On Thu, 15 Aug 2024 23:03:09 GMT, Jiangli Zhou <jiangli at openjdk.org> wrote:

>> src/hotspot/share/tsan/tsanOopMapTable.cpp line 76:
>> 
>>> 74:   bool added;
>>> 75:   size_t* v = _table.put_if_absent(*entry, size, &added);
>>> 76:   assert(added, "must be");
>> 
>>> Since primitive_hash is now used, I also changed TsanOopMapTableKey::get_hash and TsanOopMapTableKey::equals to use entry.object_no_keepalive() instead of entry._obj. If entry._obj is outdated, it could result incorrect hash value for the current entry. So the updated oop address should be used instead. 
>> 
>> I think the concurrent processing of `TsanOopMapTable` and another worker thread processing `OopStorageSet` to update TSAN's `WeakHandles` is a scary situation, when we start using `entry.object_no_keepalive()` or `WeakHandle::peek()`. `peek()` may return an updated or not-yet-updated value, which will likely cause hidden bugs.
>> 
>> I came up with the buggy scenario below:
>> Suppose object A was at 0x1200, object B was at 0x2300. During GC, A becomes dead, and GC moves B to A's location, so B is now at 0x1200.
>> Worker thread T1 processed part of the `OopStorageSet` and updated B's weak handle (wh_B).  The weak handle for A (wh_A) is not yet processed.
>> T1 starts to process `TsanOopMapTable`, and it will try adding the new B to the table, with `wh_B.peek()` returing 0x1200. It will fail to add this entry, because the new B looks identical to the entry for A, with `wh_A.peek()` still returning 0x1200.
>> Then object B will be lost from the `TsanOopMapTable`.
>> 
>> I think a better approach is ensure the `TsanOopMapTable` is only processed once after all of the `OopStorageSet` is updated.
>> One option is the alternative approach of inserting  `TsanOopMap::notify_tsan_for_freed_and_moved_objects()` to individual GCs as mentioned in https://github.com/openjdk/tsan/pull/19.
>> Another possibility is to develop a mechanism to check whether `OopStorageSet` has been fully processed, before doing actual work to update `TsanOopMapTable`.
>
> Thanks for the analysis.
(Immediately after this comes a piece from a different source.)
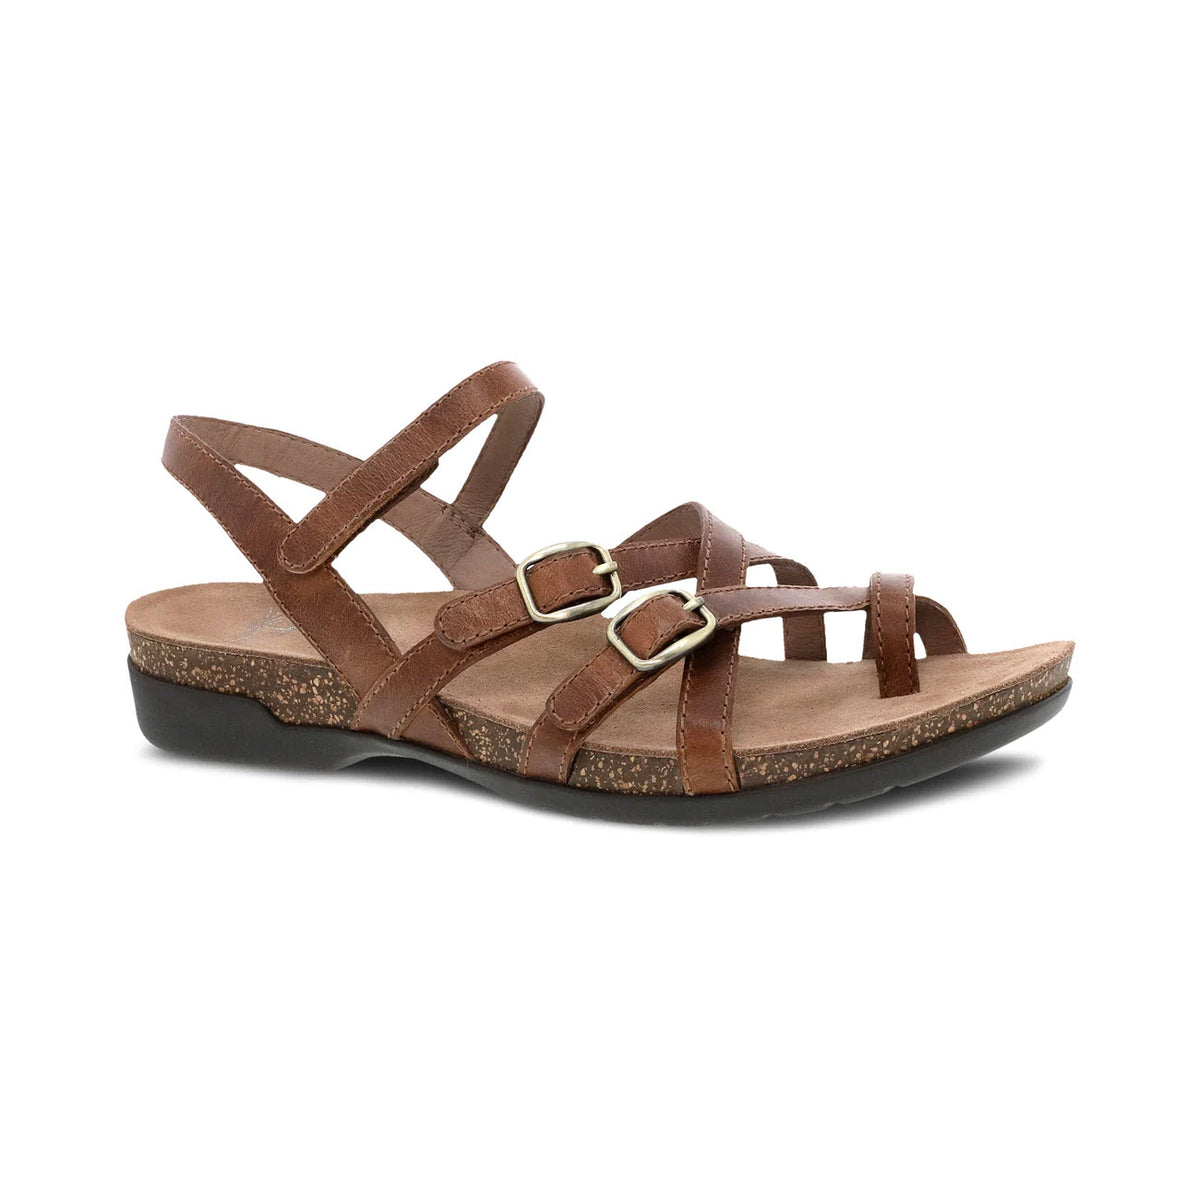 A Dansko Roslyn Tan strappy sandal with a buckle and a low heel, isolated on a white background.

The scenario describes a potential rare case where an `oop` is moved to an address location containing a freed `oop` and tsan is notified about the moved `oop` before the freed `oop`. I agree that's a potential bug.
> 
> Doing `TsanOopMap::notify_tsan_for_freed_and_moved_objects()` to individual GCs has higher risks of not covering all different cases if GC changes. I like you suggestion of implementing "a mechanism to check whether OopStorageSet has been fully processed". Implementing within `OopStorageSet` could be complicated. I think it might be doable in `WeakProcessor::Task::work` to check if all tasks are done. I'm trying that approach.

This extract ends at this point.